Part 2. Manipulation – filtering and changing traffic
It's not just about surveillance - eBPF allows not only eavesdropping, but also interference with the system. One of the most tempting possibilities for an attacker is to create a stealth firewall or backdoor at the kernel level. For example, eBPF programs like XDP (eXpress Data Path) are executed at the earliest stage of receiving a network packet, before the packet is processed by the Linux network stack. This means that malware with eBPF can drop unwanted packets, redirect them, or even spoof them, before any iptables or traffic monitoring tools. Similarly, programs at the tc (Traffic Control) can filter traffic at the input/output stages of a network interface.
Let's look at a simple example: suppose an attacker wants to block a certain type of traffic - say, ICMP Echo Request (ping) – so that its infected server is not pinged (hidden from simple scanners), or to filter out ICMP traffic from monitoring systems.

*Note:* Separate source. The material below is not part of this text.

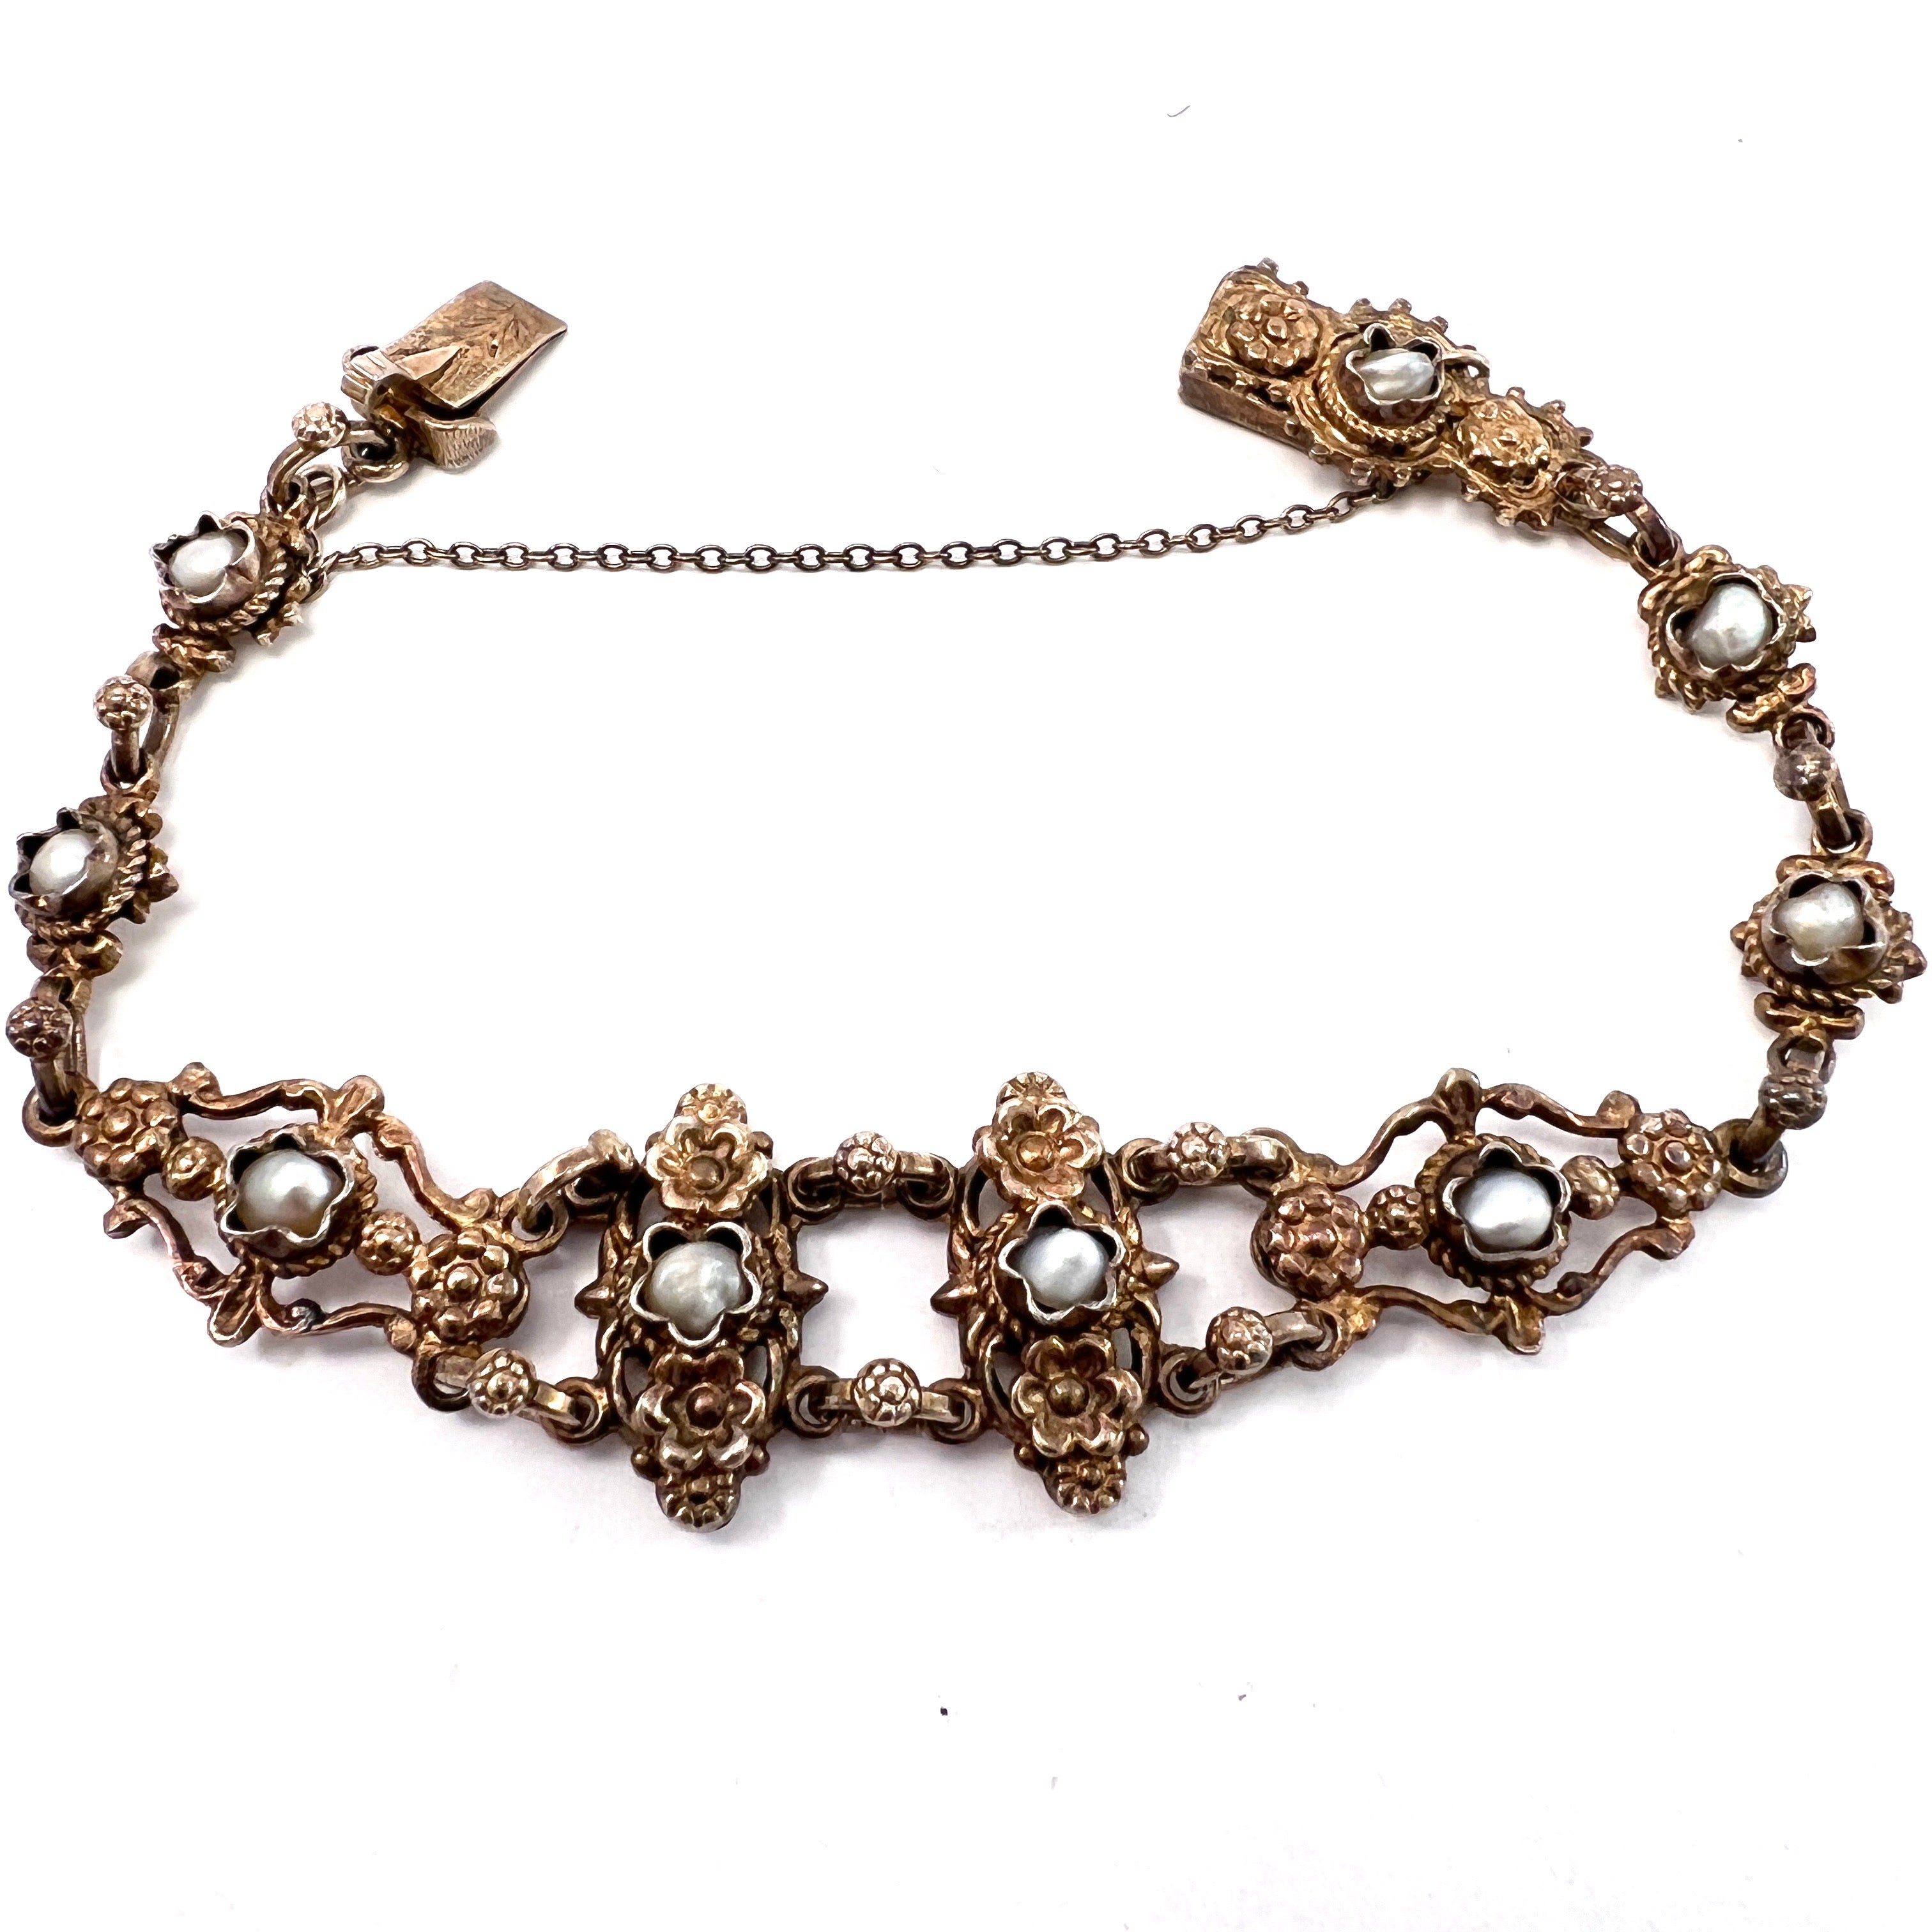 Antique Austro-Hungarian Arts and Crafts Silver Pearl Bracelet.

Below is a fragment of the eBPF program XDP, which discards all ICMP packets passing through the network interface:
// XDP - program for blocking ICMP -packets
SEC("xdp")
int block_icmp(struct xdp_md *ctx) {
void *data = (void *)( unsigned long) ctx ->data;
void * data_end = (void *)( unsigned long) ctx -> data_end ;
// Examination the presence of an Ethernet header
if (data + sizeof (struct ethhdr) > data_end) {
return XDP_PASS;
}
struct ethhdr *eth = data;
// Interested IPv4 packets only
if (eth-> h_ proto ! = bpf_htons (ETH_P_IP)) {
return XDP_PASS;
}
// Check for the presence of an IP header
struct iphdr * ip = data + sizeof (struct ethhdr);
if ((void *) ip + sizeof (* ip) > data_end) {
return XDP_PASS;
}
// If protocol = ICMP (1) – discard packet
if (ip ->protocol == IPPROTO_ICMP) {
return XDP_DROP;
}
// Otherwise, skip the packet further
return XDP_PASS;
}
How it works: a program like XDP is bound to a network interface (e.g. eth 0) and is run for every incoming packet. In the code, we parse the Ethernet header, verify that it is an IPv4 packet, then read its IP header. If the protocol field is IPPROTO_ICMP (1), the function immediately returns XDP_DROP, telling the kernel to drop the packet. For all other packets, XDP_PASS is returned, and they continue to be processed normally by the network stack. So, while this eBPF program is active, any attempts to ping the machine or other ICMP traffic will be silently blocked at the lowest level - without the firewall or applications above knowing.
An attacker can filter not only ICMP. With minor changes, eBPF can block, for example, connections to certain ports or IP addresses. You can implement a blacklist of addresses directly in eBPF (via map) and drop any packets from these addresses. Or vice versa - quietly discard the traffic of port scanners, making a certain port visible only to "their own". In the publicly known backdoor BPFDoor, for example, the BPF socket filter was used, which allowed receiving commands on any port, viewing all incoming traffic and isolating special "magic" control packets. Such secrecy is achieved precisely because eBPF "eavesdrops" on packets before the network stack: BPFDoor did not open a listening socket on a fixed port, instead, the eBPF program inside the kernel checked each incoming packet for a command sign, and if a command was detected, it redirected it to the user backdoor process. From the administrator's point of view, no suspicious ports are visible in netstat, and commands come "out of nowhere".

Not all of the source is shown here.